When you wrote, “A common mistake that many anti-Islamic and even well-intentioned conservatives make is that they think anti-Zionism equates anti-Jewish,” you left me out. I am a Jew, a leftist, and a Zionist. I am a Zionist because I am a leftist. Most Jews are Zionists because we are left/liberals. You can’t have a dialog with Jews without addressing people like me, but I feel excluded from your address.
You didn’t say anything negative about any Palestinians or anything positive about any Israelis. You didn’t offer any reason why someone might be a Zionist except if they’re bigots. When we whitewash our own side, we inevitably demonize the other. That’s what I found so frustrating about this whole discussion.
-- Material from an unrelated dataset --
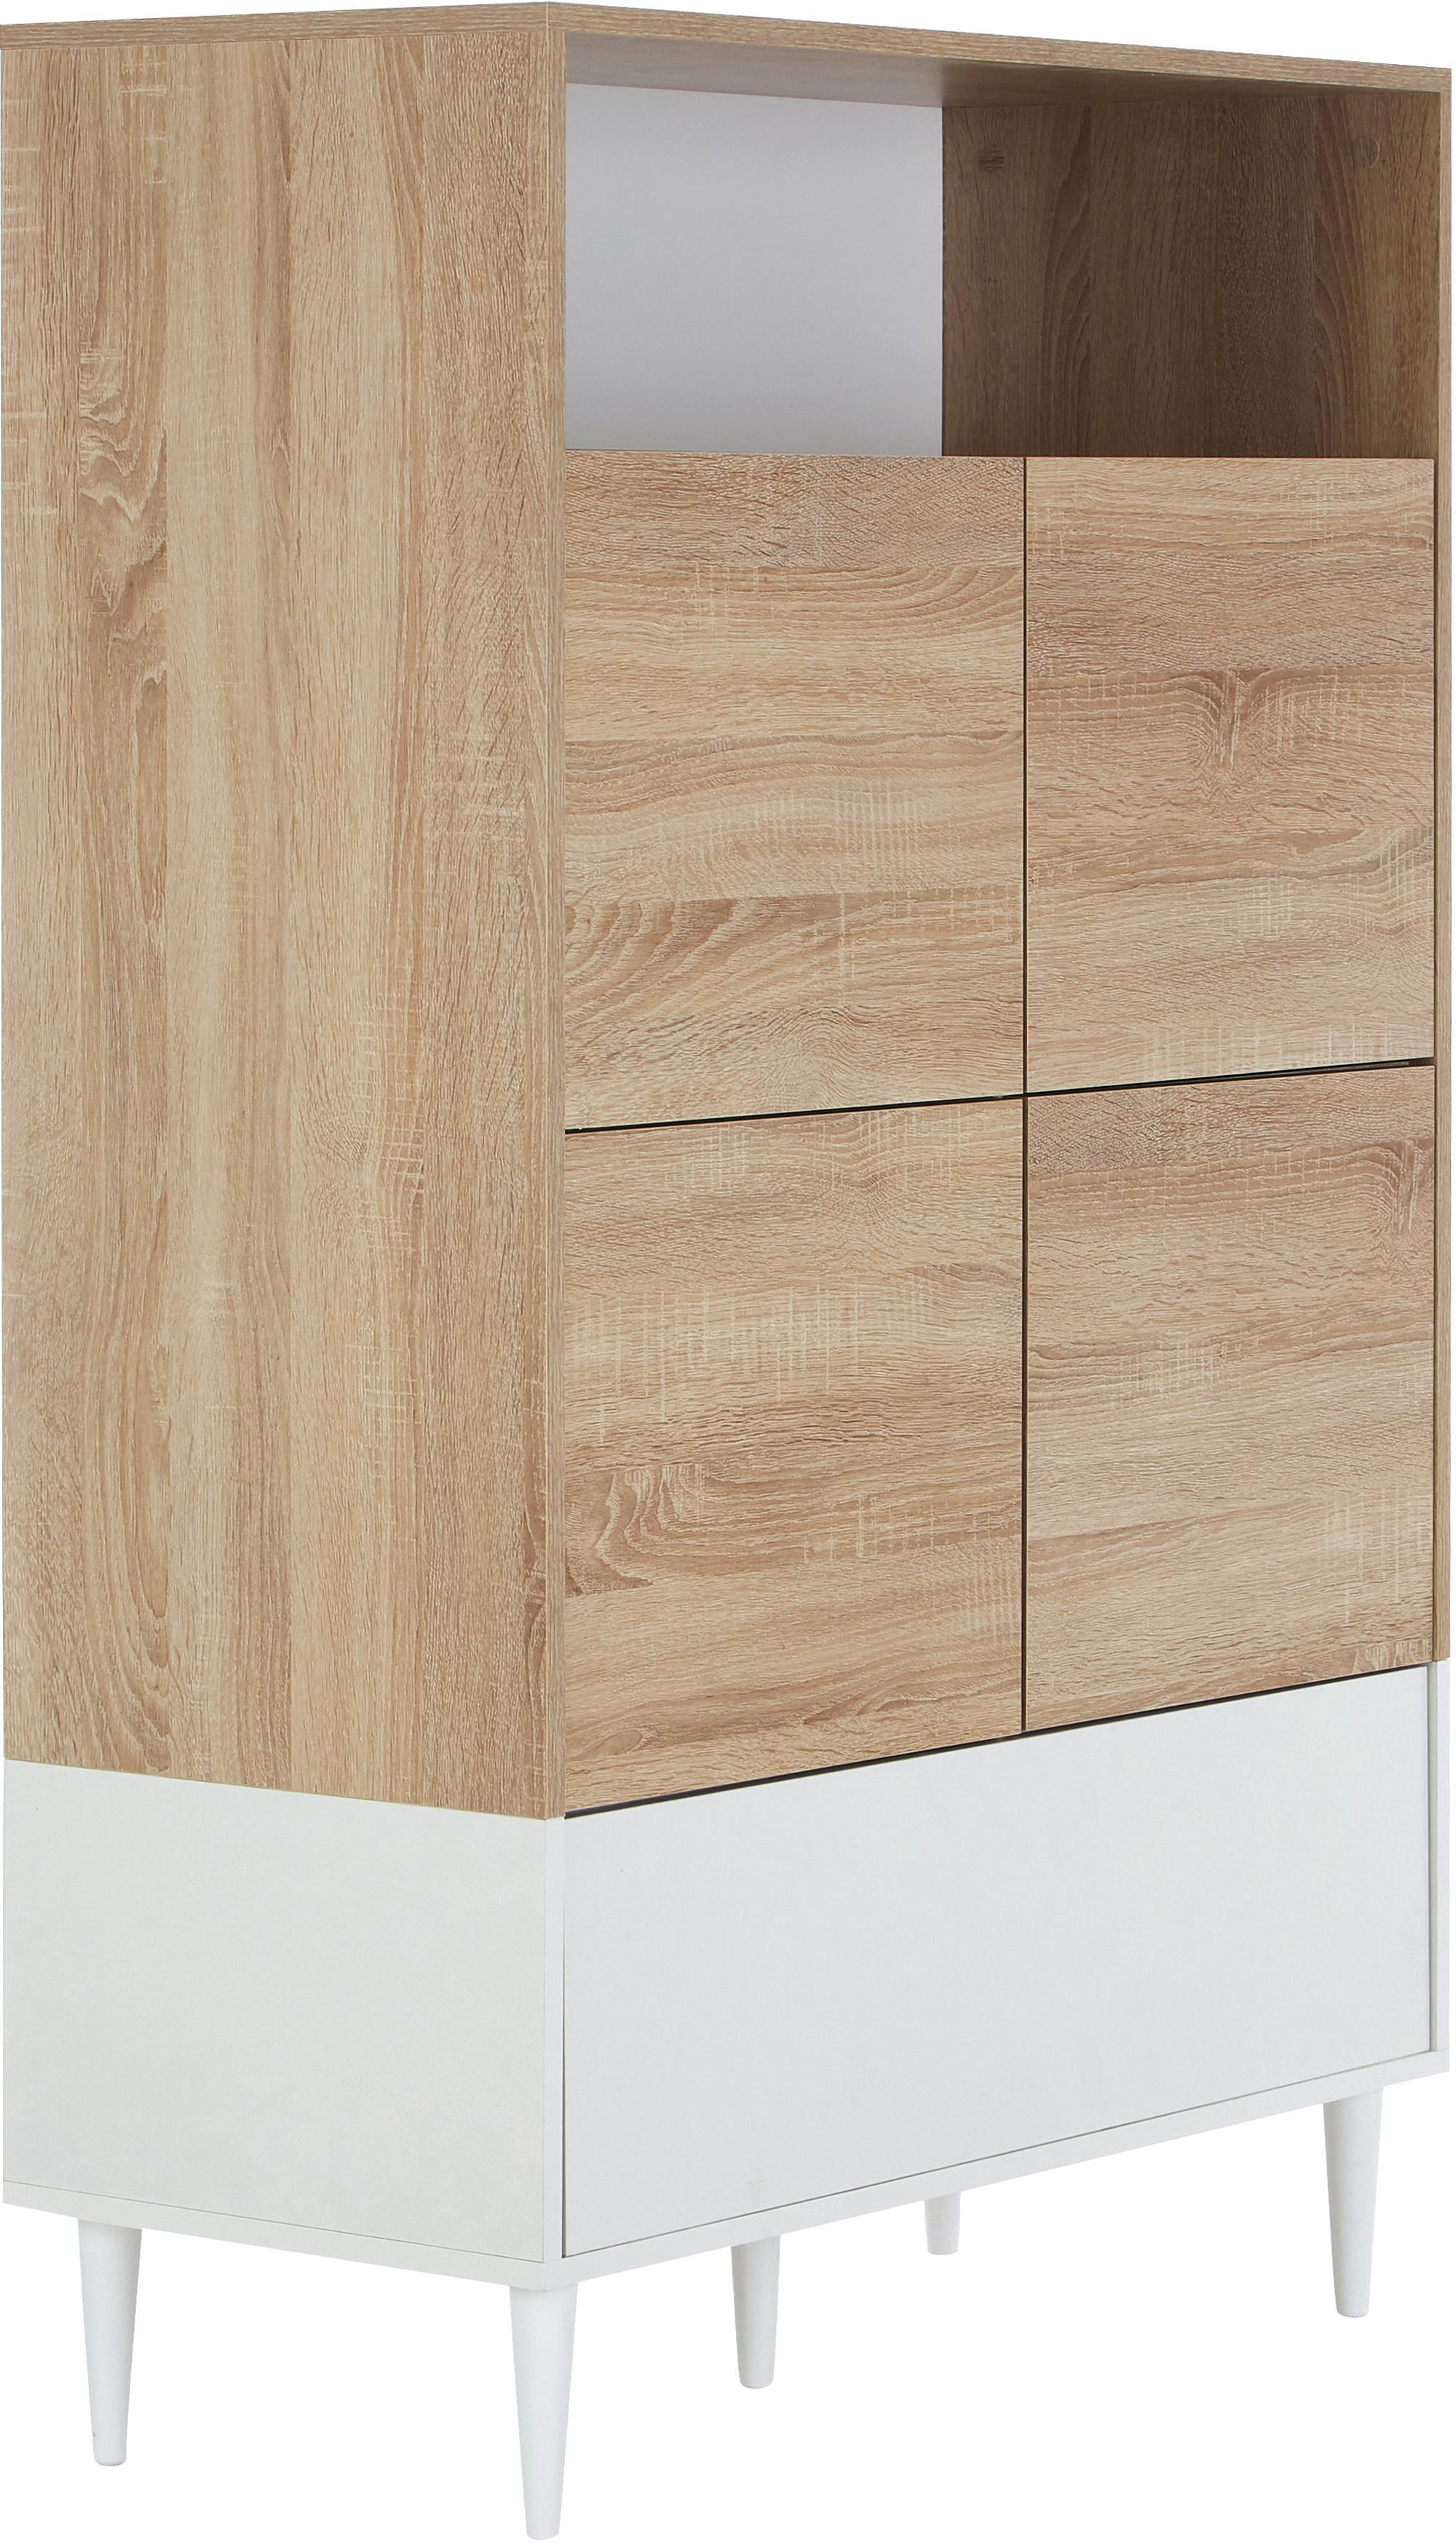 Chiffonnier Horizon, estilo escandinavo, Estructura: aglomerado, recubierto de, Patas: madera de haya maciza, pi, Roble, blanco, An 90 x Al 141 cm

Posted 25 May 2008 at 9:15 pm ¶
ALLEGRO wrote:
If not the holocaust Israel might have been created earlier with more Jews as inhabitants and the mass numbered Jews were withhold the Arabs to claim all of the land for themselves. But the holocaust sin made continuous problems for the Jews and the Arabs in Palestine.
Any way, the Arabs in Palestine have their own state since 1922. Jordan contains about 80% of Palestinian Arabs next to the Bedouin-Saudi Arabs. When the Arab refugees will return to their state in Jordan they will be about 98% of the citizens of their national state.
Hence, therefore, the only justice and stable solution for the “Palestinian problem” is by creating two national states for two peoples and not 3 states (Jordan, Palestine, Israel). Jews and Arabs will be free live where ever they choose. Jews will vote the Knesset in Jerusalem and the Arabs to the Parliament in Aman. This should be the basic for endurable solution to the deep problem.
Posted 02 Jun 2008 at 6:38 am ¶
Lyonside wrote:
>If not the holocaust Israel might have been created earlier with more Jews as inhabitants and the mass numbered Jews were withhold the Arabs to claim all of the land for themselves
While we’re playing Historical What-If, without the Holocaust, more people of Jewish descent who ultimately ended up in the newly-flounded Israel may have instead felt SECURE WHERE THEY WERE, making the previous calls for a nation-state less imperative, and possibly resulting in the creation of a Jewish state somewhat later, possibly with better, more equitable results.
Posted 02 Jun 2008 at 8:58 am ¶
Question wrote:
To the Racialicious Editors
I know I’m commenting really late on this article, but…
“In 1982, the prime minister of Israel, Ariel Sharon, ordered the massacre of Palestinians in Lebanese refugee camps. He formed an alliance with a Lebanese Christian militia-men, who were permitted to enter two Palestinian refugee camps (Sabra and Shatila) in an area controlled by the Israeli military. They massacred thousands of Palestinian civilians — something that the Palestinians and the Muslim world will never forget.”
I could be wrong, but from what I read, Ariel Sharon never ordered the massacre. The Christian militia men carried it out. Granted, the Israeli army allowed it to happen, which was almost as bad, but I would do a double-check on the source of that information.